Secrecy is not a big part of fingerprints for security. Your fingerprints are not secret: you leave them everywhere, on your car, on every door handle that you go through, on the elevator buttons, on every glass that you use in a bar... If a fingerprint can be turned into a key (or hash value, regardless of how you want to see it), then that key can be rebuilt offline, from any copy of one of these prints. There is very little secret here.

To sum up: even if you could reliably turn a fingerprint into a key, it would not be a good idea to use it as a secret key. It would be useful as an indexing key, though: not for security, but for performance.


Consider that a cryptographic hash algorithm excels at producing different digest values for even the slightest differences in inputs. Even a 1 bit change in the input causes a cascade of changes yielding a completely different hash value. Pre-image resistance is a necessary characteristic for a cryptographic hash algorithm.

Now look at fingerprints. One problem with fingerprints is that the relationships between identifying marks is not guaranteed to be constant between readings.
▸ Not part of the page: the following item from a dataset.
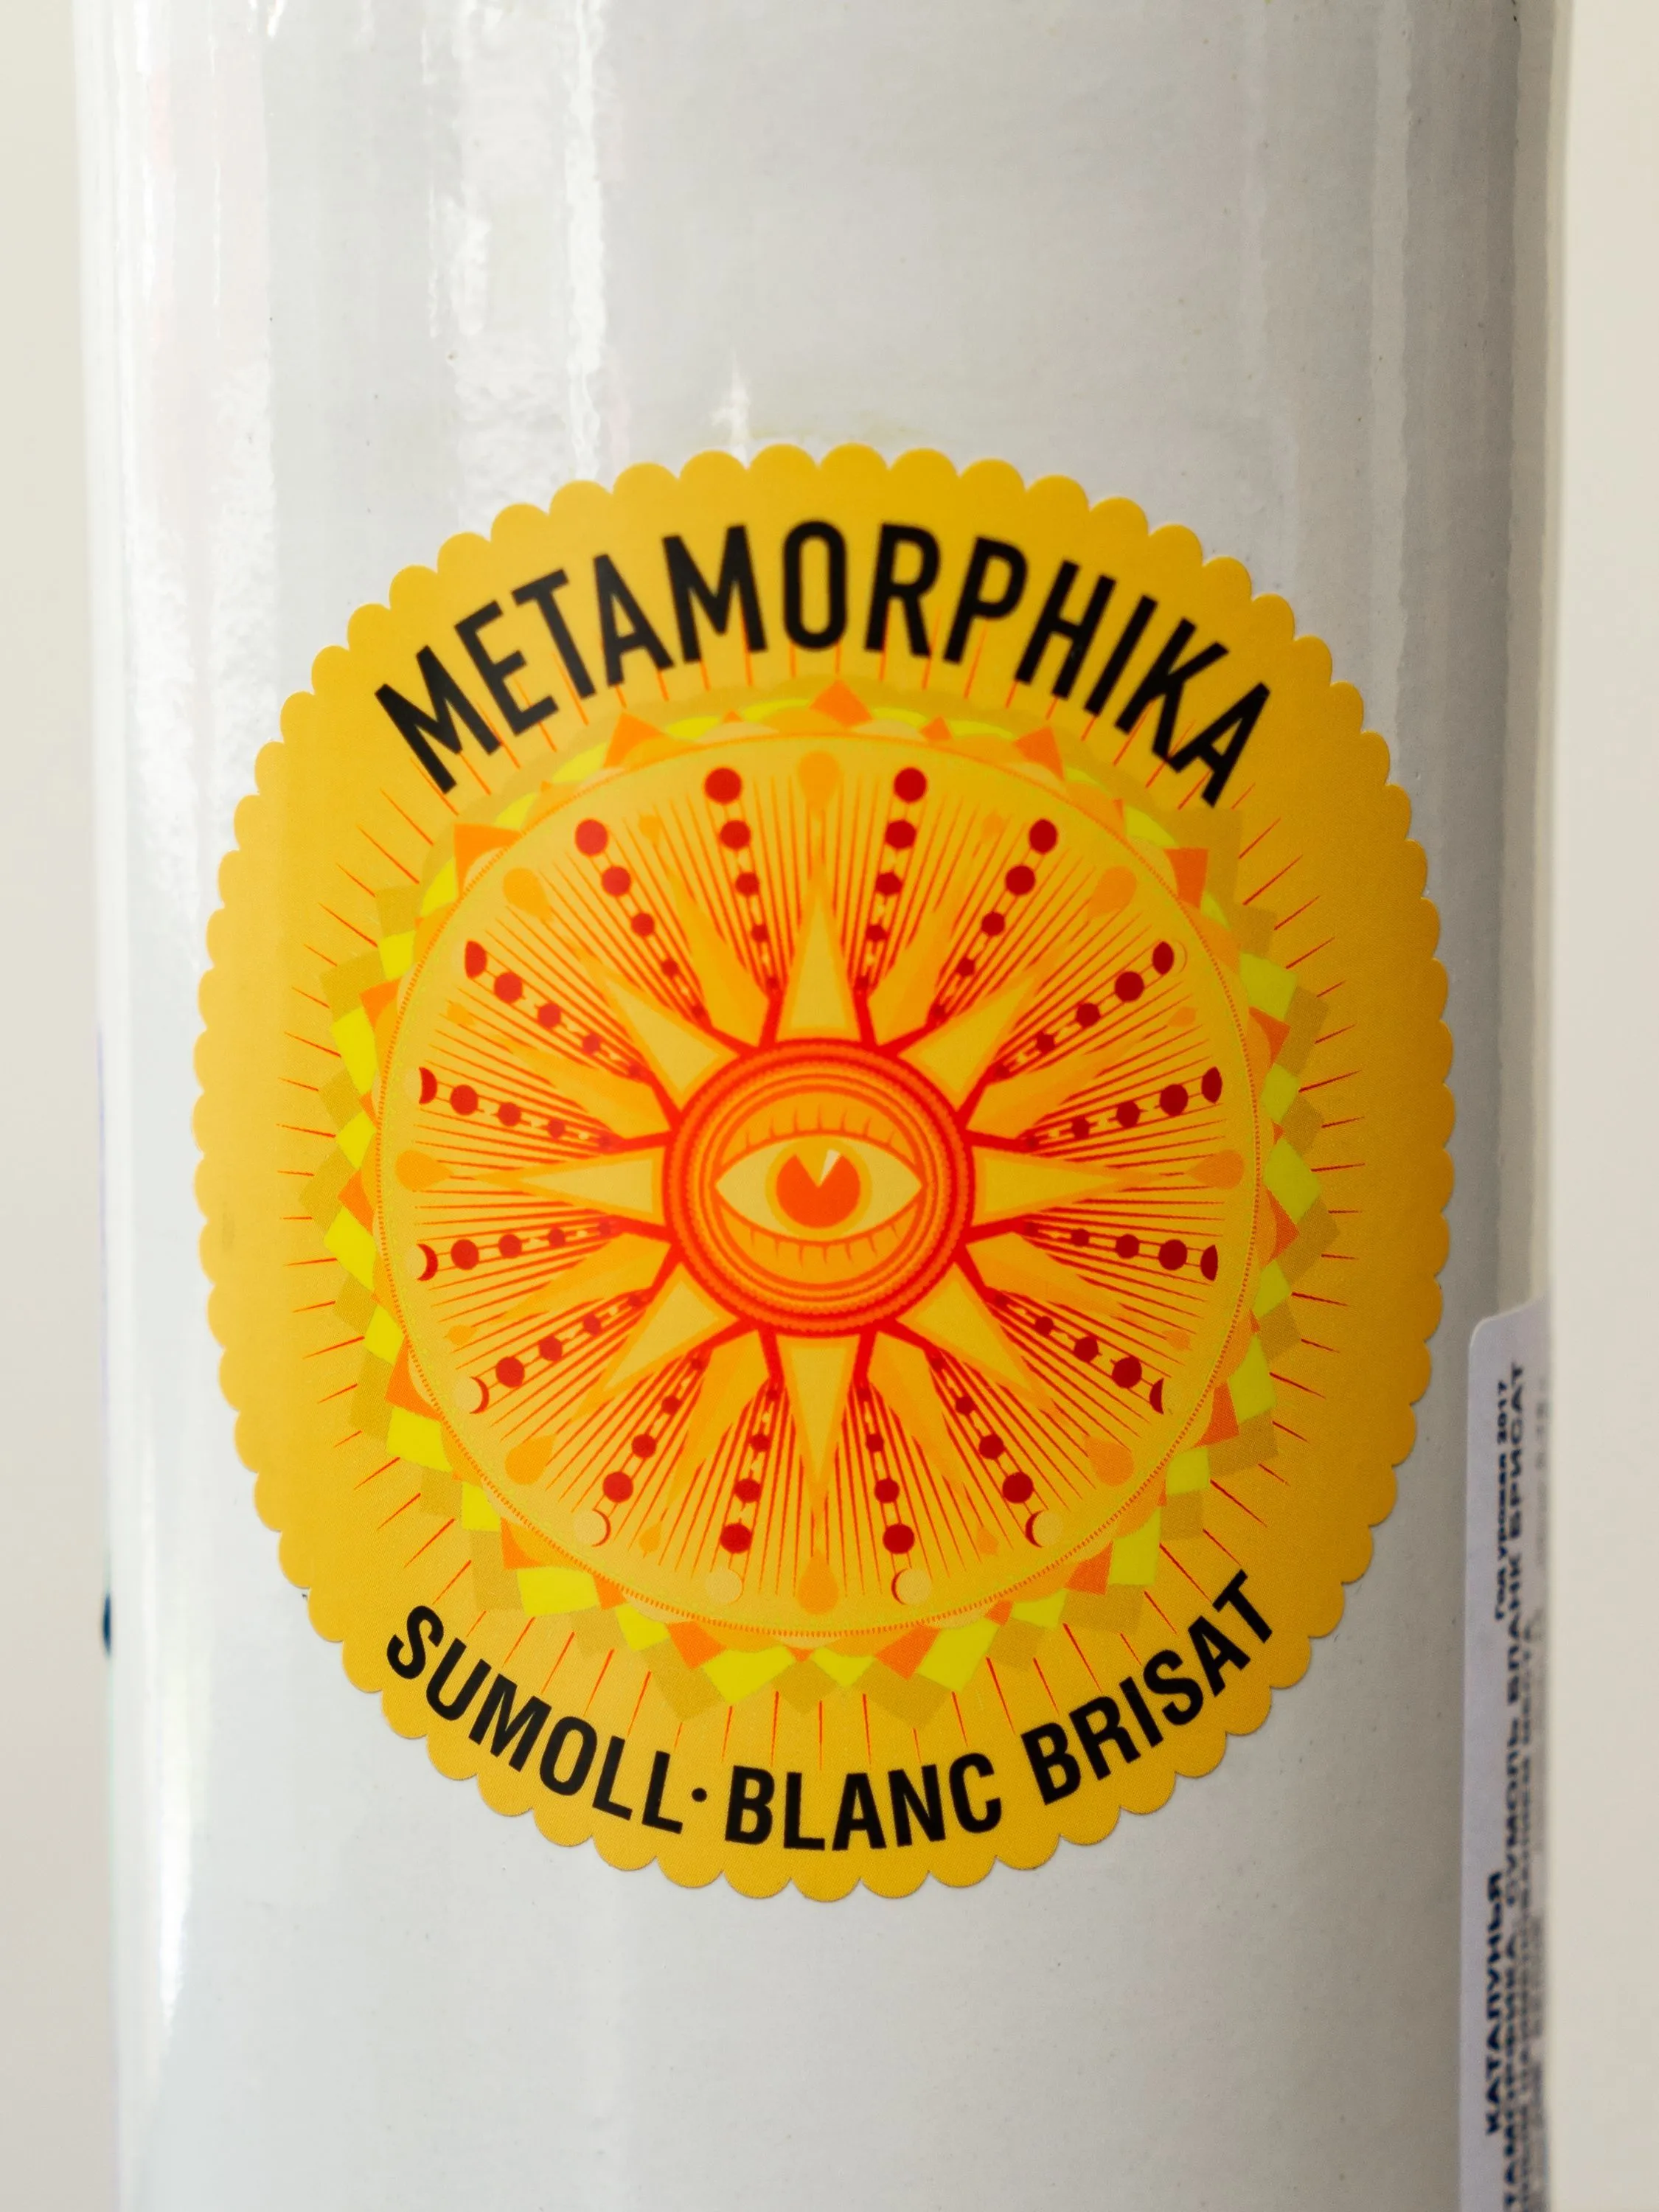 Вино Costador Metamorphika Sumoll Blanc Brisat / Каталунья Костадор Метаморфика Сумоль Бланк Брисат

Your finger might be slightly swollen due to varying levels of fluids in your body, or aligned ever so slightly different between sensor elements, or even have a piece of dirt on it, and that could be just enough difference to cause a element's worth of difference between readings. Remember, even one bit of change will mean a completely different hash is output. So a precise image reading or snapshot of a print can't be directly hashed.

However, the image can be processed. Every print has a set of "landmarks", which are specifically identifiable points. Bifurcations are where two ridges join together, a rod is where a ridge terminates, an island is a short little ridge, and so on. These landmarks can be identified, and can be measured in relationship to each other. If you were to lay a thumbprint out on a grid, for example, you could identify each cell with the landmarks it contains.
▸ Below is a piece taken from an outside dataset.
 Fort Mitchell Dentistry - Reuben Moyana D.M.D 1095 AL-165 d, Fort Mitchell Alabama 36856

The problem then becomes aligning the grid. If the grid isn't identically laid out each time a print is read, you would not generate the same hash.

Prints come in only three basic shapes: arches, loops, and whorls. It seems like it could be possible to use the defining characteristics of all arch-type prints (for example) to produce three needed reference points, and thus align the grid. You then process it and identify all possible landmarks. But then what? What assurance do you have that every landmark has landed in the same cell every time? If you try to establish a fuzzy zone around the gridlines, how do you know which landmarks are just barely falling into (or out of) the fuzzy zone?
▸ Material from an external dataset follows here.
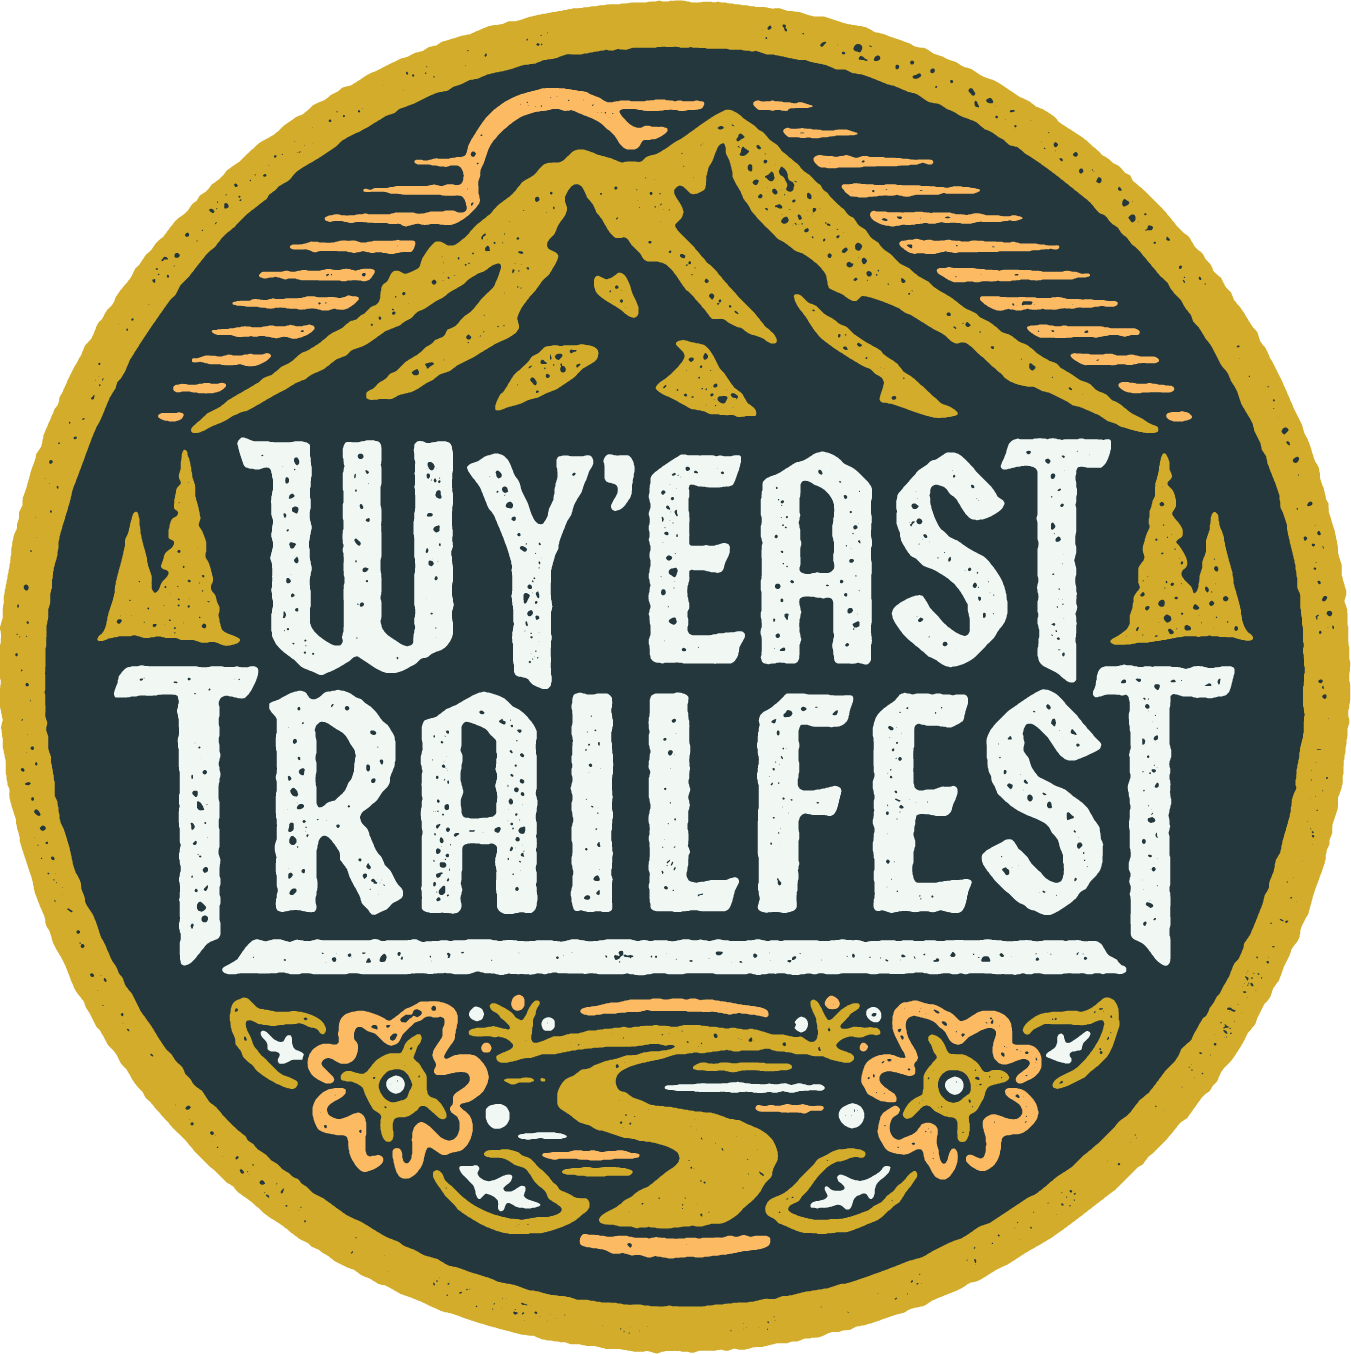 Wyeast Trailfest

(The same concern holds true if you try to use radials from the center of the reference points - how much tolerance do you build into the vectors?

The bottom line is you will likely find it hard to get the exact same value out of the hash every single time, because the prints are never precisely lined up in a repeatable fashion.

So how could you possibly use hashes to keep the prints secure? When the user initially registers their print, you use the same grid-based scheme to analyze it, and produce a hash. You then analyze the landmarks falling in the potentially fuzzy zones, and compute a distinct hash for each possible permutation. You'll quickly build a large set of hashes that all represent the potential values of one user's print. Later, when a user's print is read and hashed, you look it up in the full set of hashes on file, and identify the user.